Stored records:
++++++++++
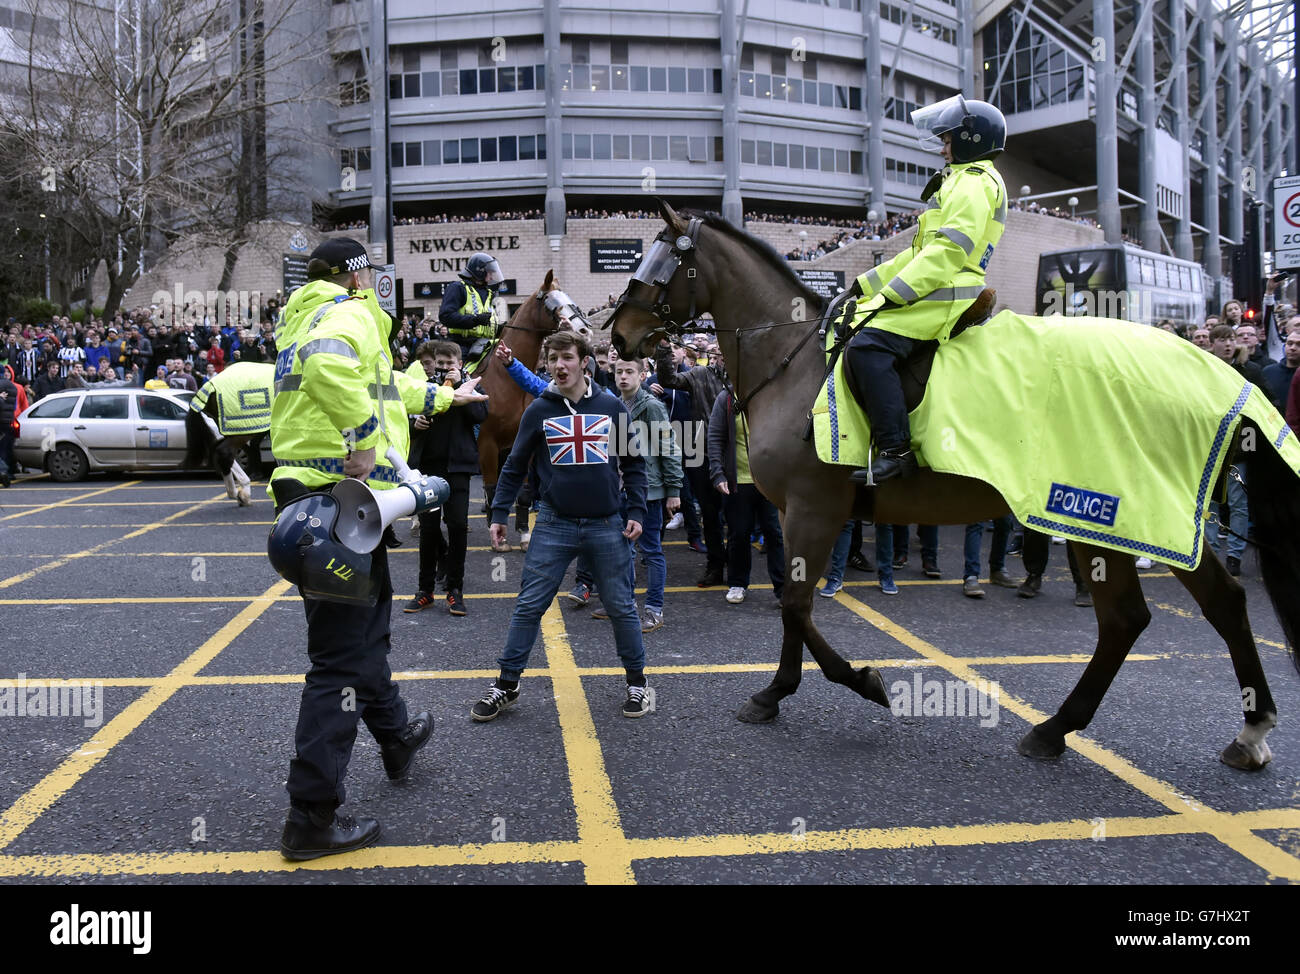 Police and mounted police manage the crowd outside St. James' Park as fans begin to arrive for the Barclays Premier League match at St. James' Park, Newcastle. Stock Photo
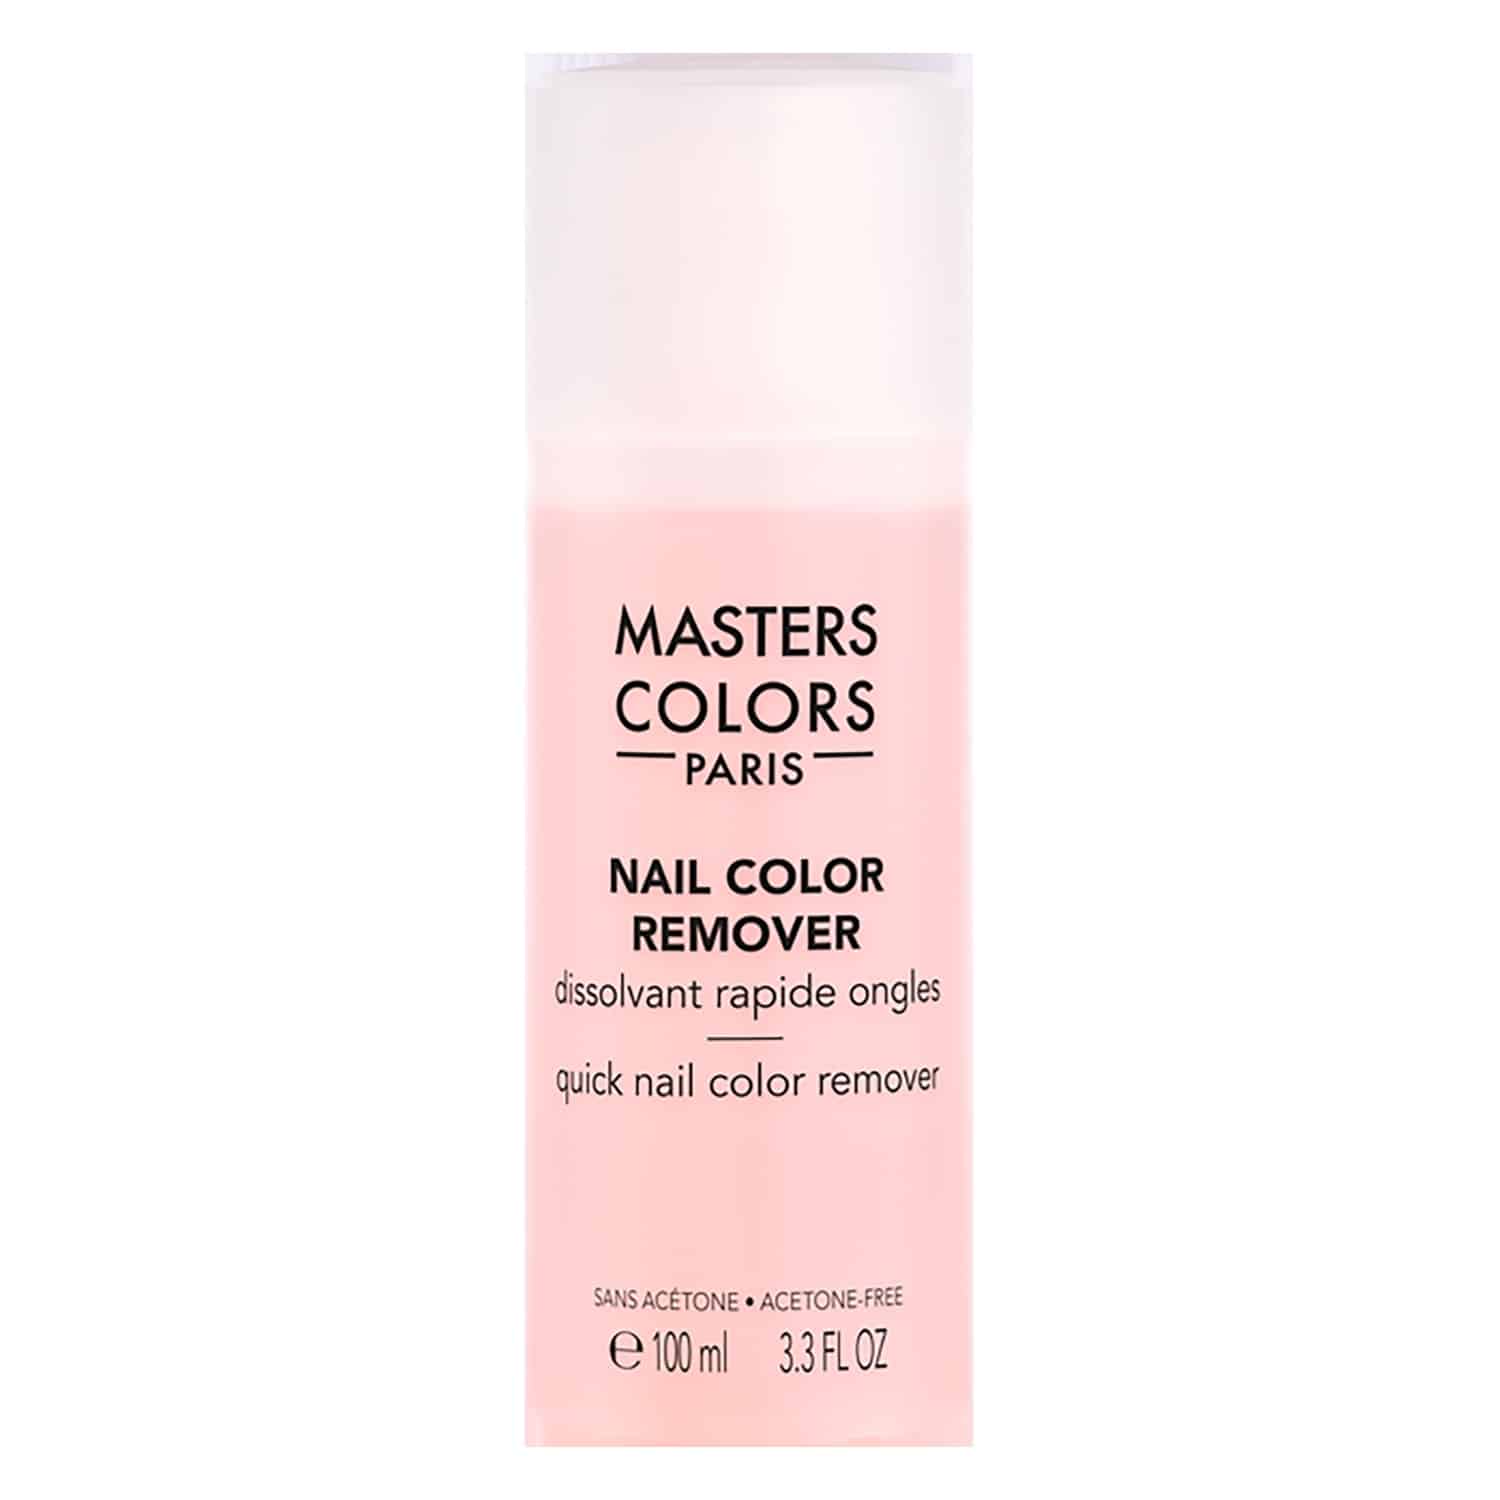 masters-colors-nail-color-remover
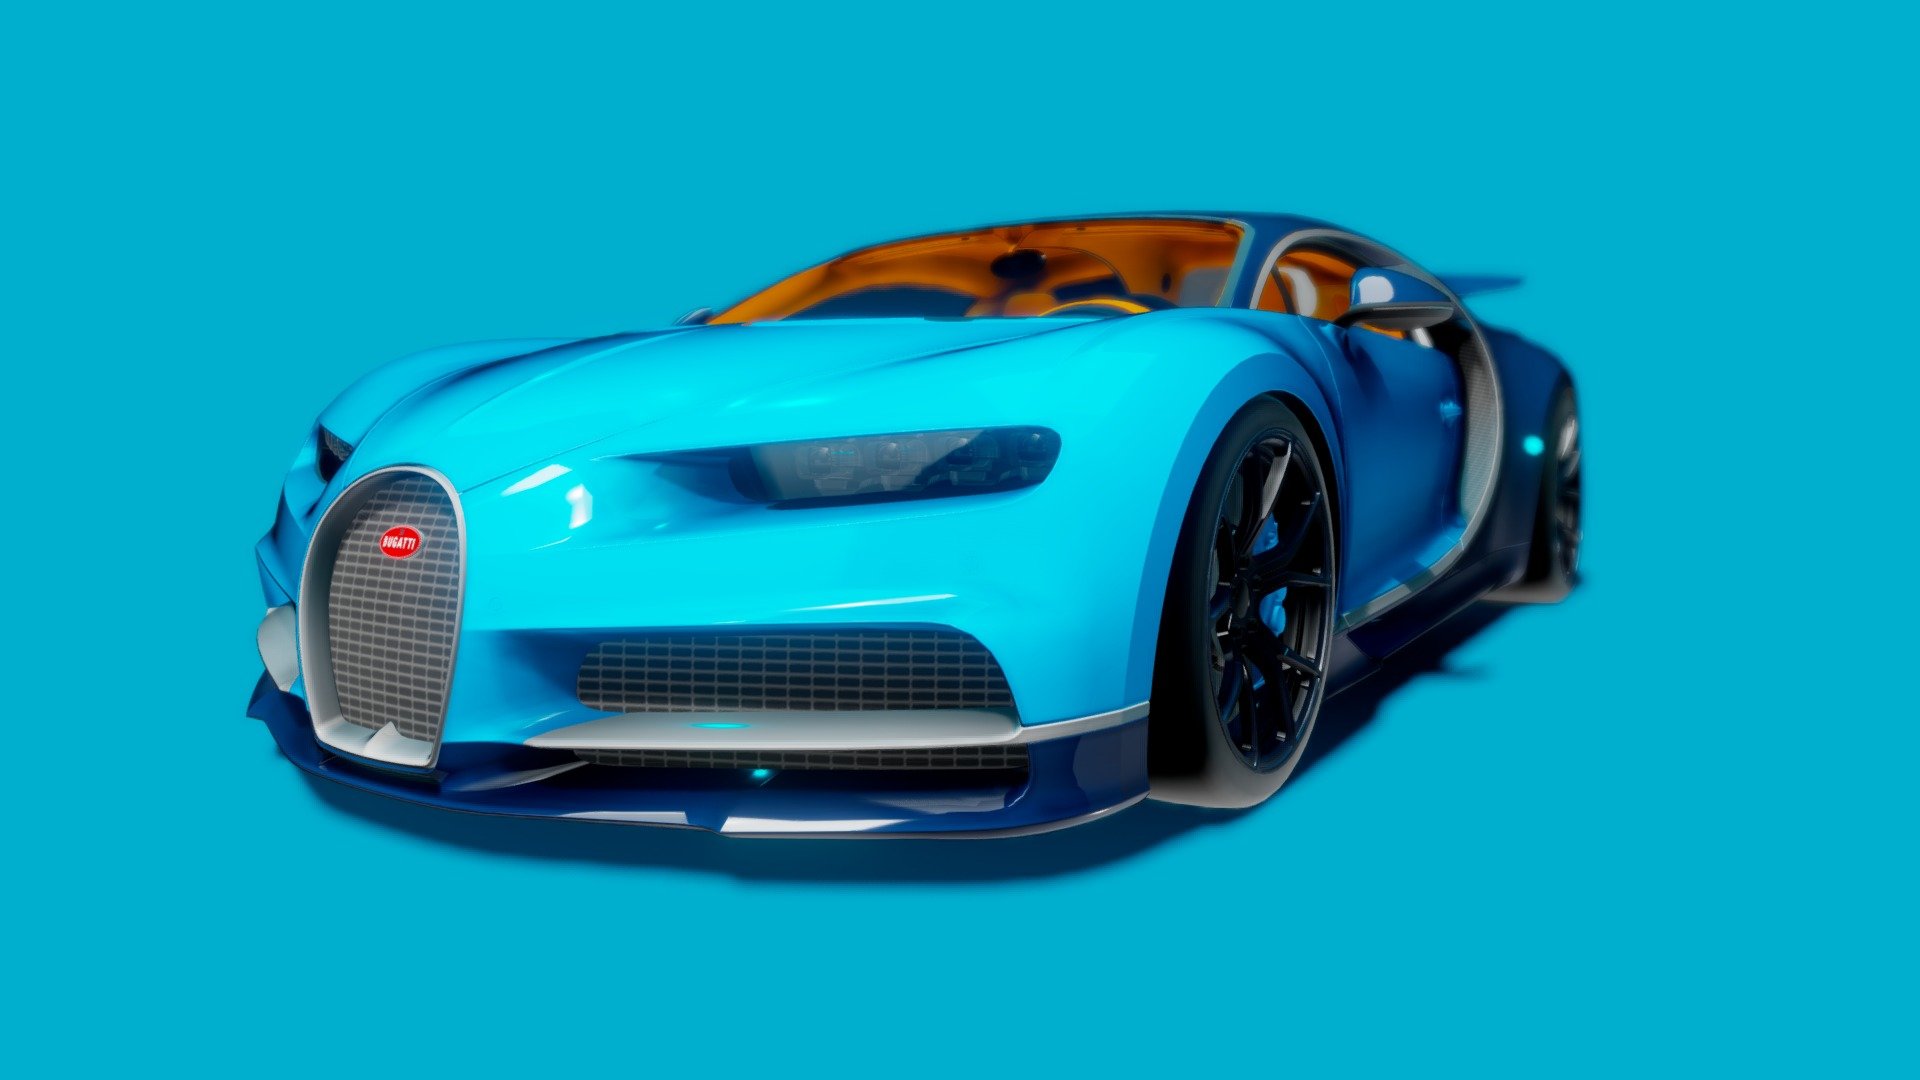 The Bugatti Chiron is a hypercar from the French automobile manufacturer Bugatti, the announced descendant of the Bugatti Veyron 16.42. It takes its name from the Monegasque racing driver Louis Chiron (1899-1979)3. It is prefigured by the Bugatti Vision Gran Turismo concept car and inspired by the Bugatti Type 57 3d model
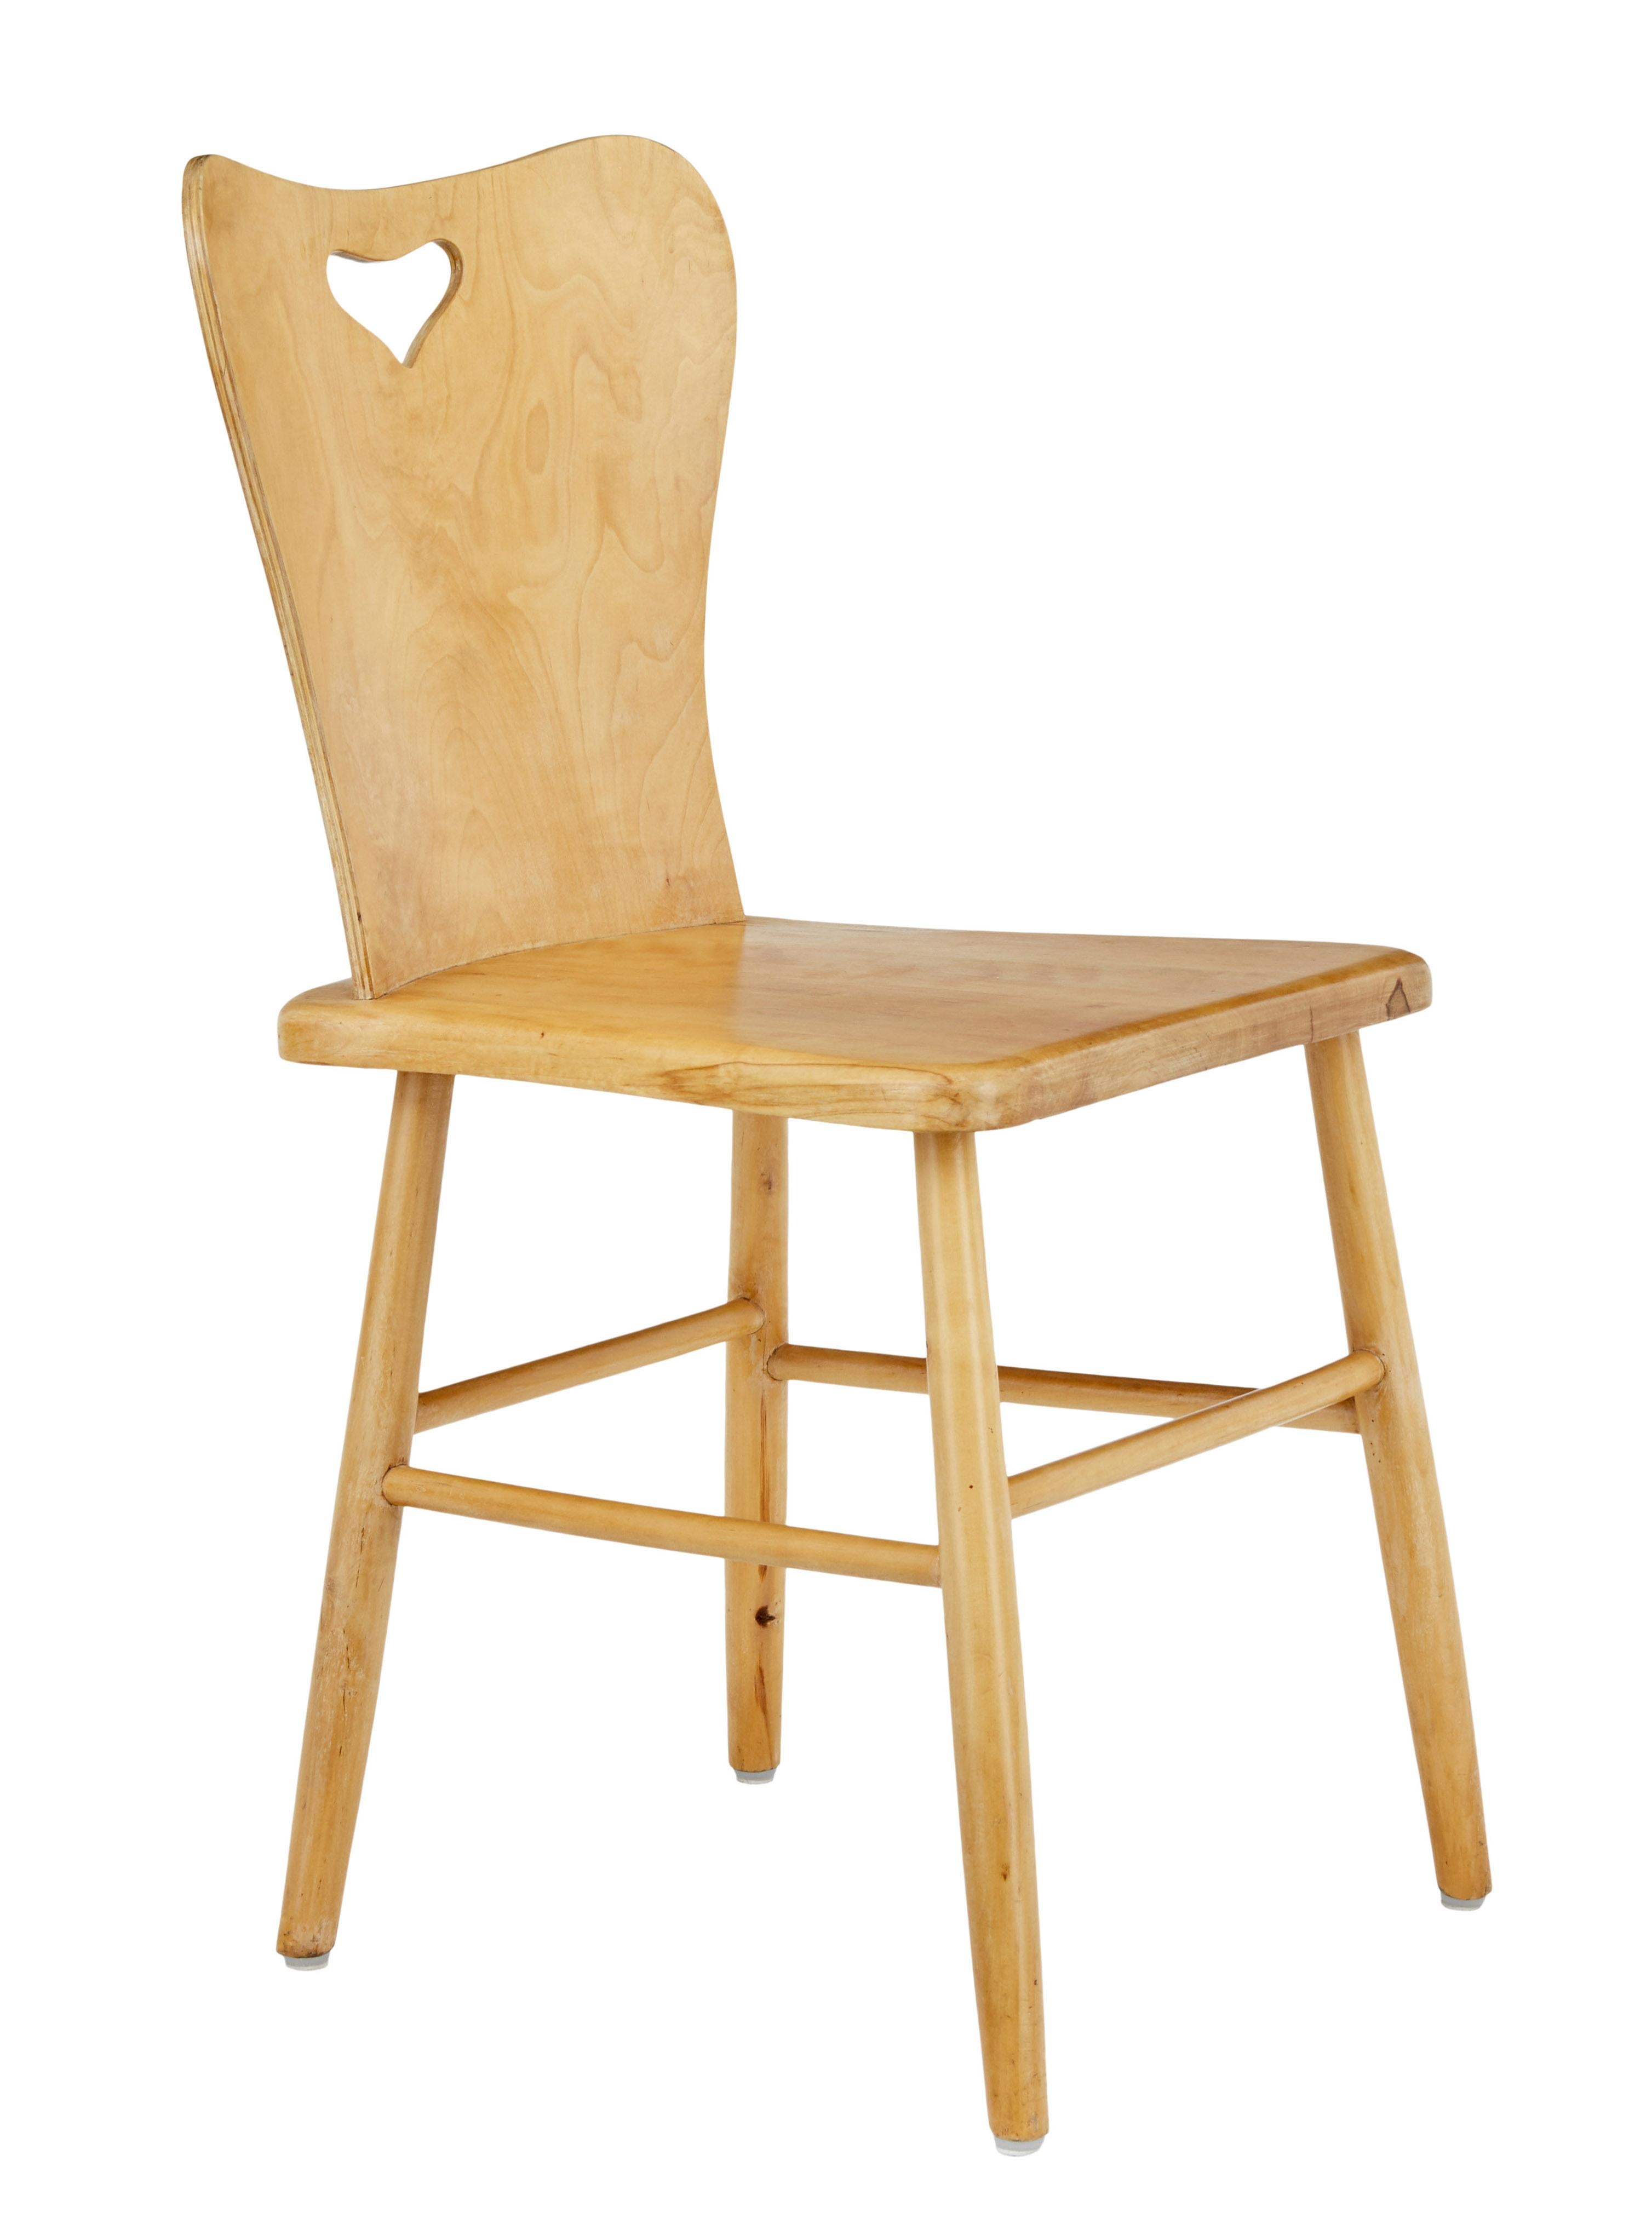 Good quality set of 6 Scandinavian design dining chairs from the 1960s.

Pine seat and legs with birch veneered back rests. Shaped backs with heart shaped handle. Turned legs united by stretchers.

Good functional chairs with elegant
++++++++++
Retype the lines exactly. Begin at the one that holds "masters-colors-nail-color-remover", stop at the last line of the entries above, and drop the pictures.

 masters-colors-nail-color-remover
 The Bugatti Chiron is a hypercar from the French automobile manufacturer Bugatti, the announced descendant of the Bugatti Veyron 16.42. It takes its name from the Monegasque racing driver Louis Chiron (1899-1979)3. It is prefigured by the Bugatti Vision Gran Turismo concept car and inspired by the Bugatti Type 57 3d model
 Good quality set of 6 Scandinavian design dining chairs from the 1960s.

Pine seat and legs with birch veneered back rests. Shaped backs with heart shaped handle. Turned legs united by stretchers.

Good functional chairs with elegant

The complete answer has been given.